Task => Take the line that holds "Gross Motor Skills and Delays in Children" and every line after it to the end of the entries, and repeat them exactly without the pictures.

#####

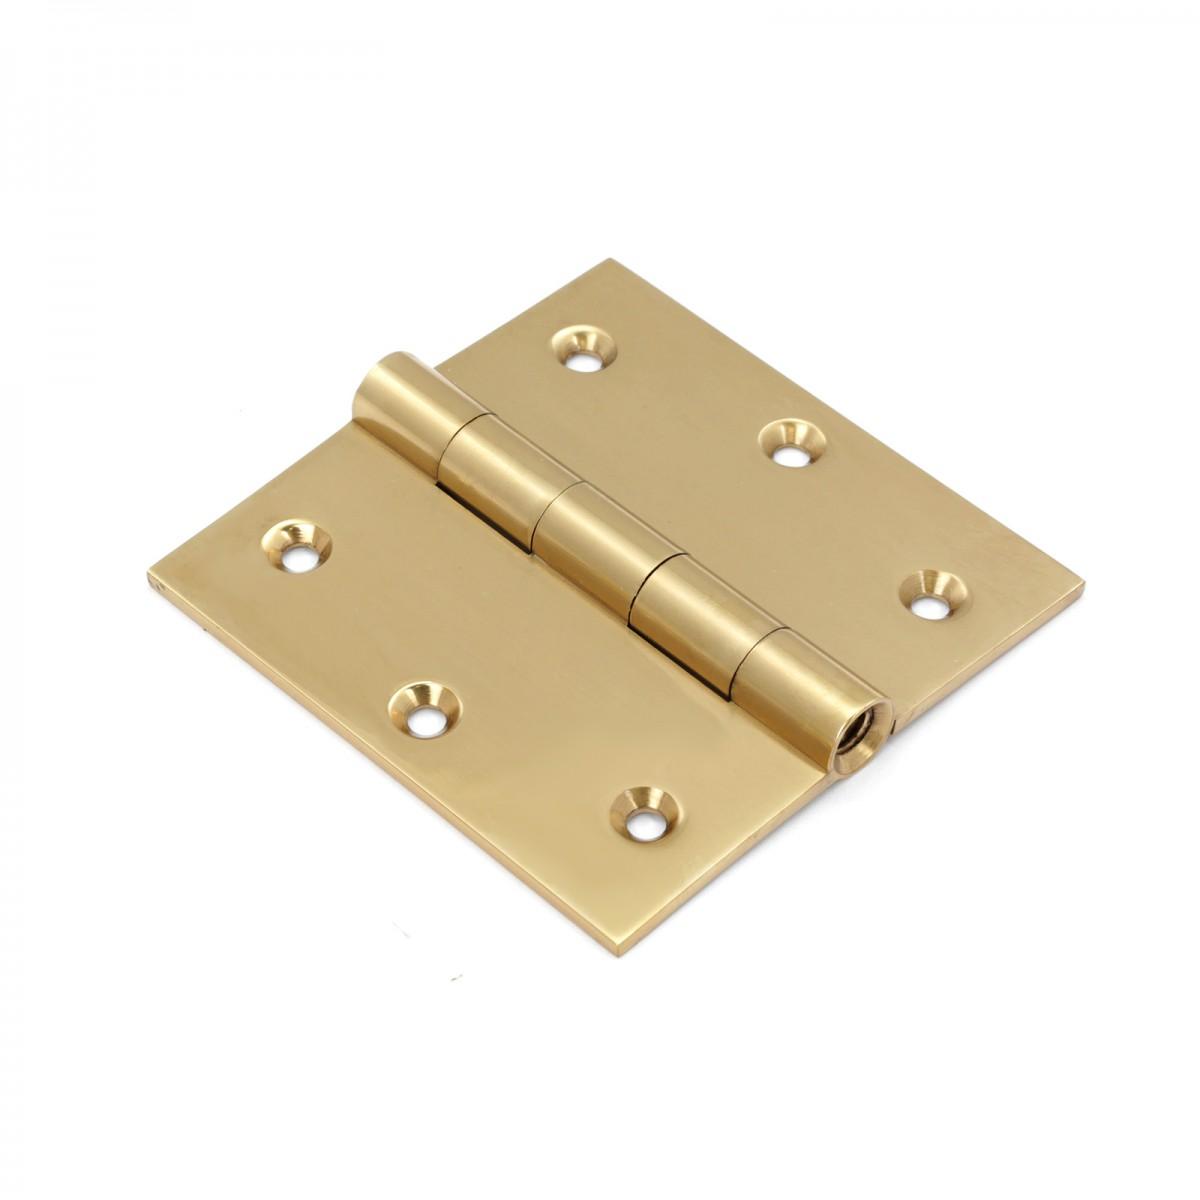 ... U003cPREu003eAntique Brass Door Hinges Bright Solid Brass Square Hinge 3.5 Inch  X 3.5 ...
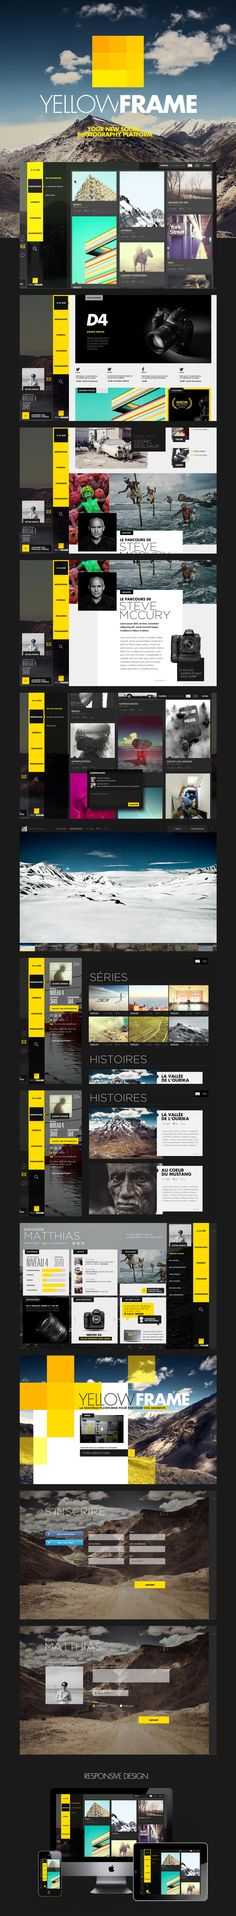 Yellow Frame // web design
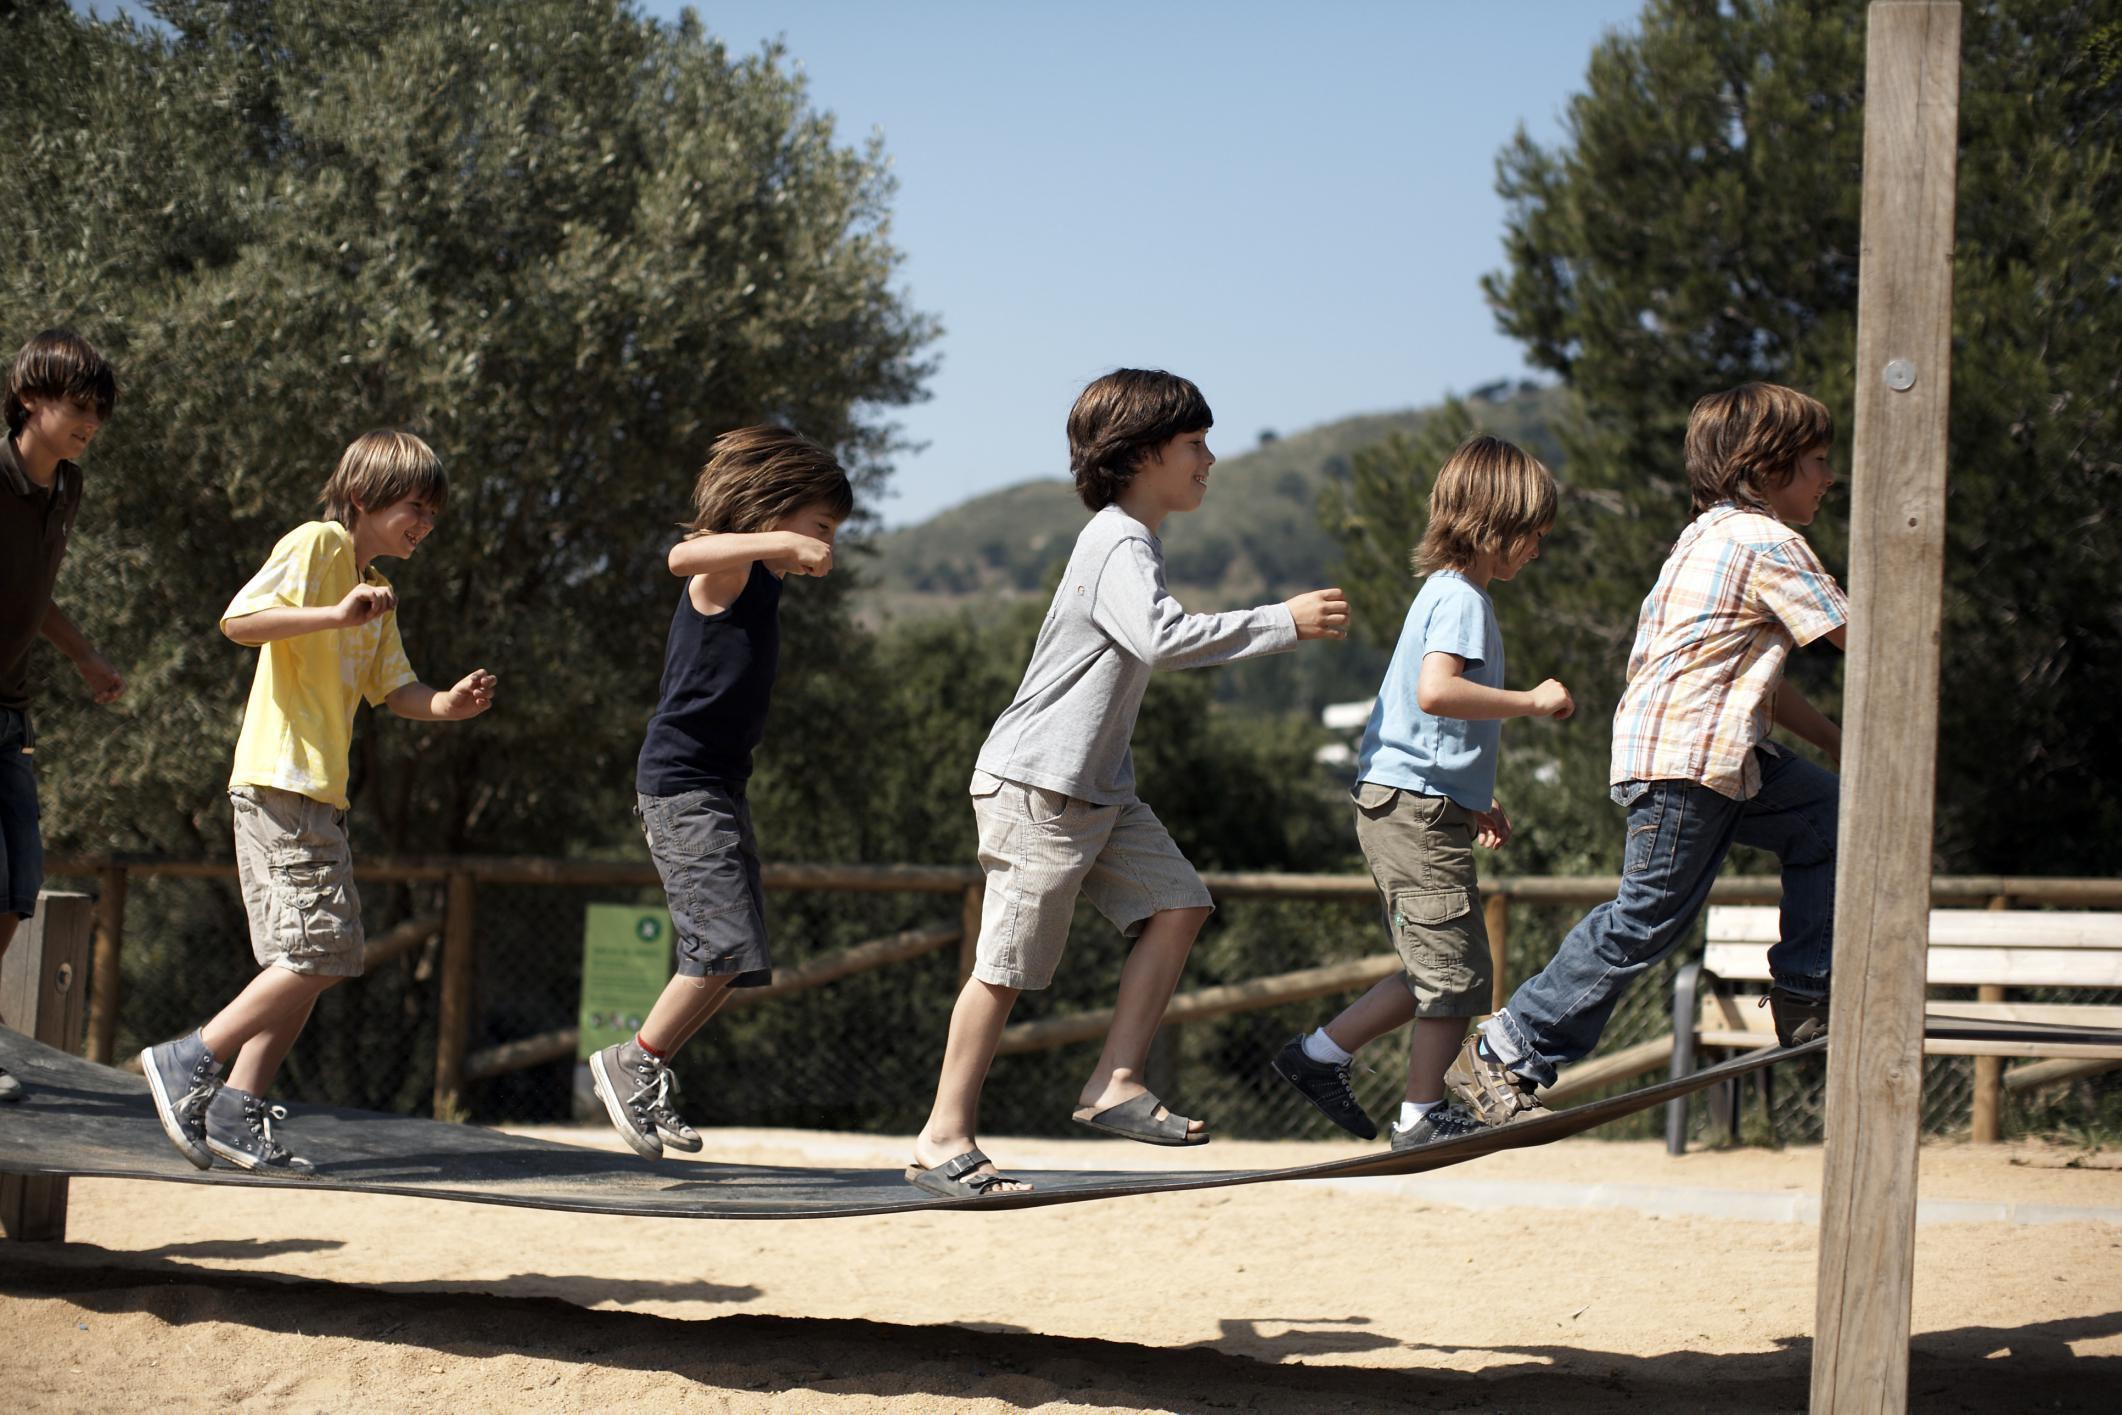 Gross Motor Skills and Delays in Children
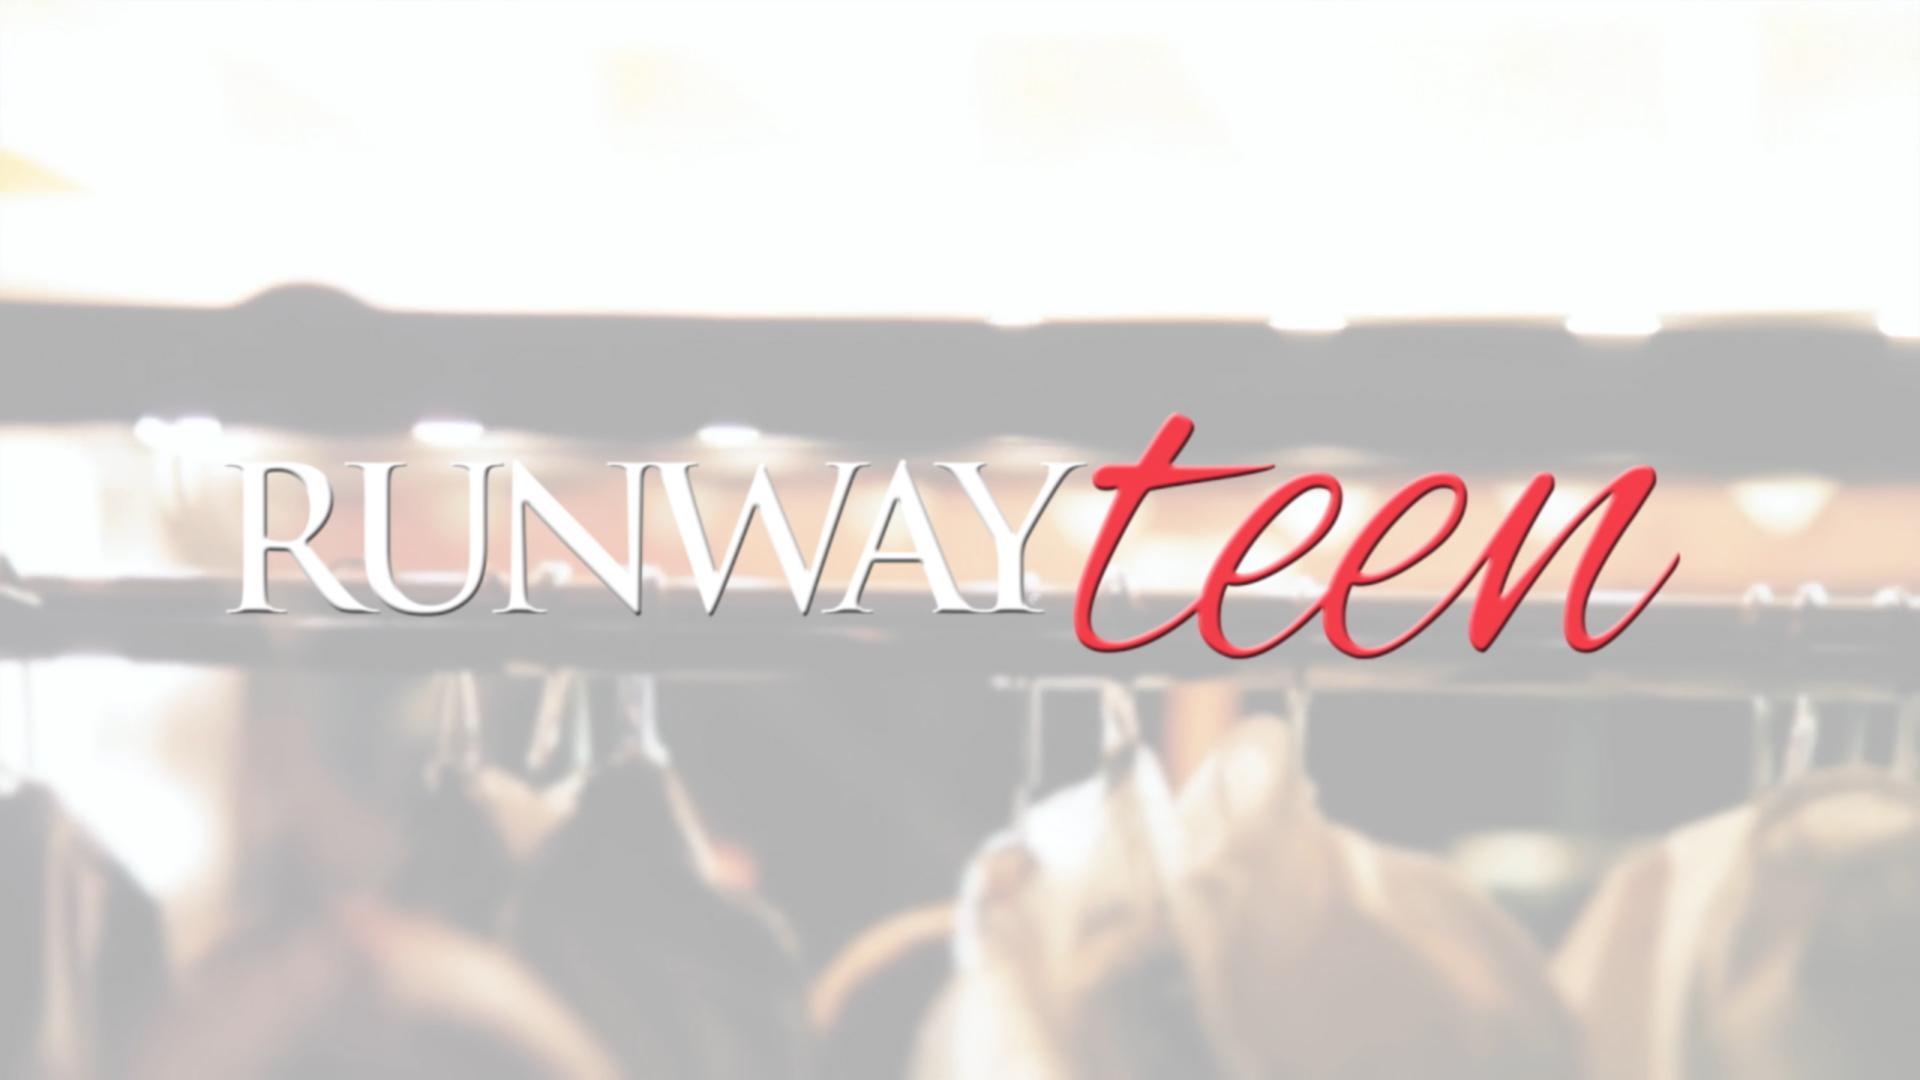 RUNWAY TEEN
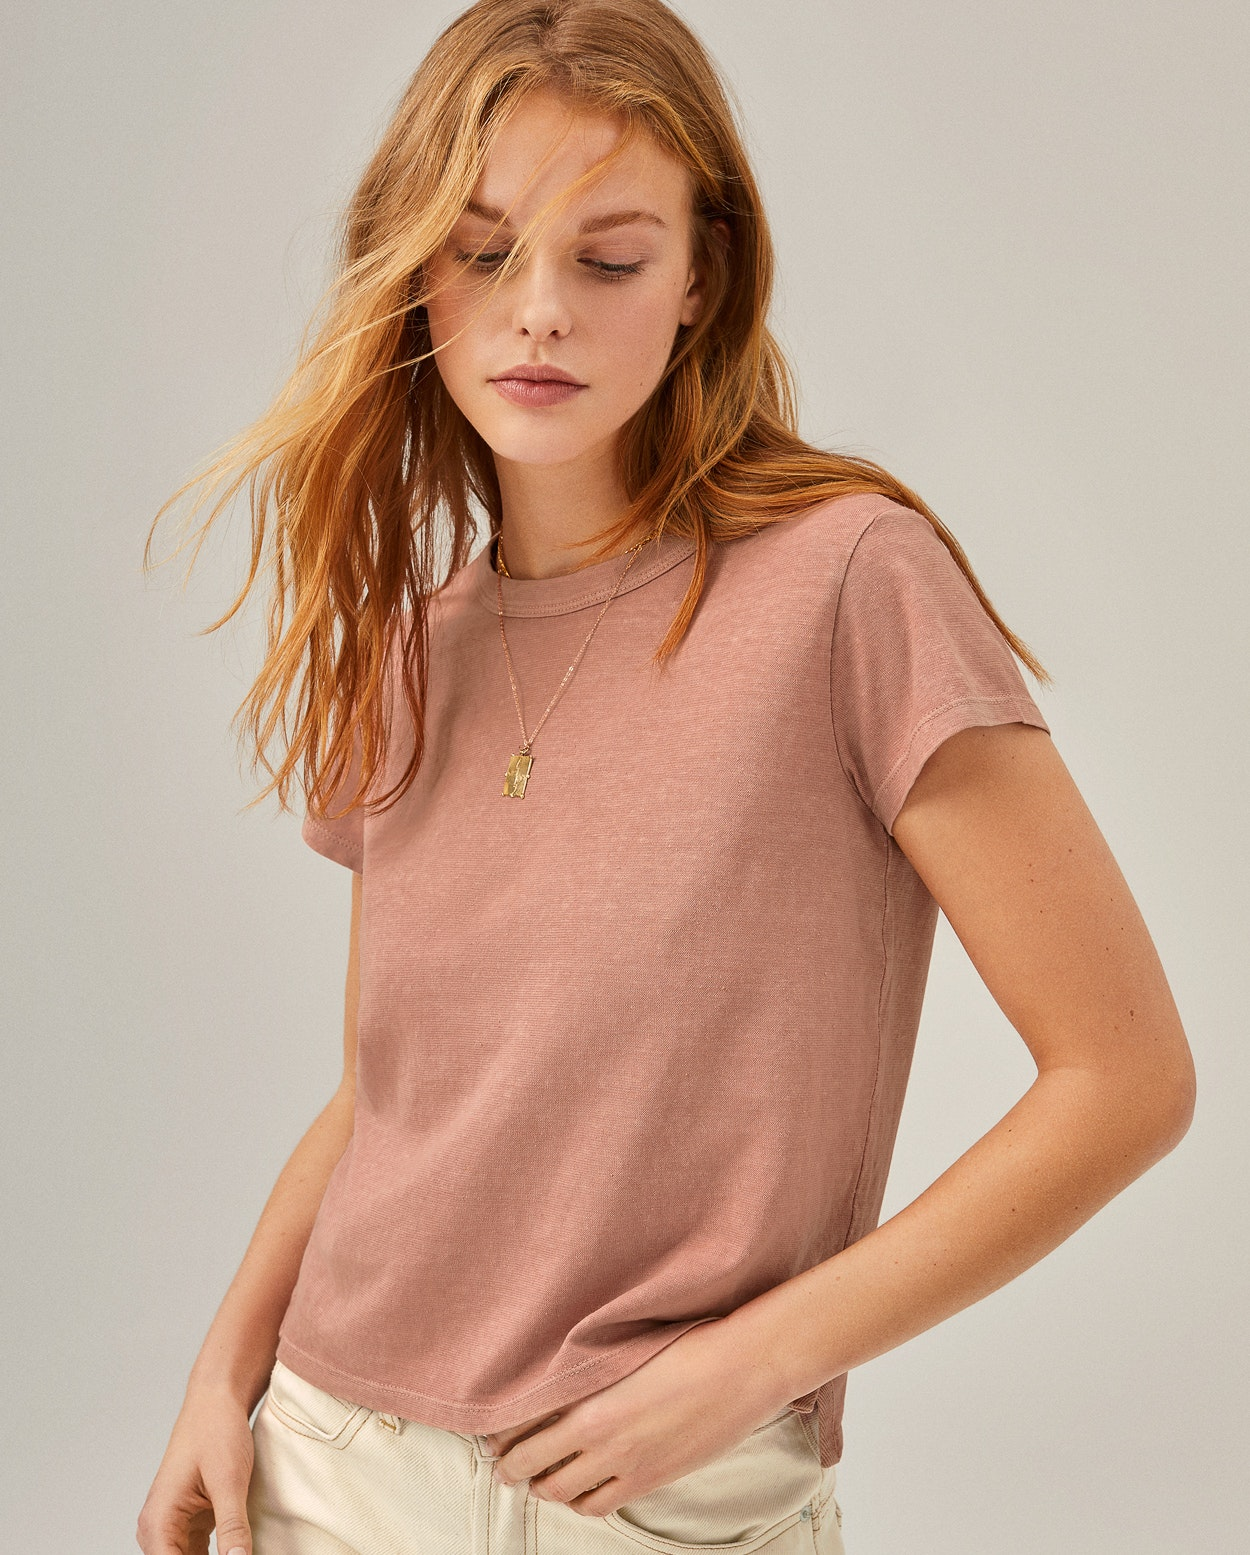 fcacf2b4fea7 Hemp cotton T-shirt - Wrap London

#####

Result =>
 Gross Motor Skills and Delays in Children
 RUNWAY TEEN
 fcacf2b4fea7 Hemp cotton T-shirt - Wrap London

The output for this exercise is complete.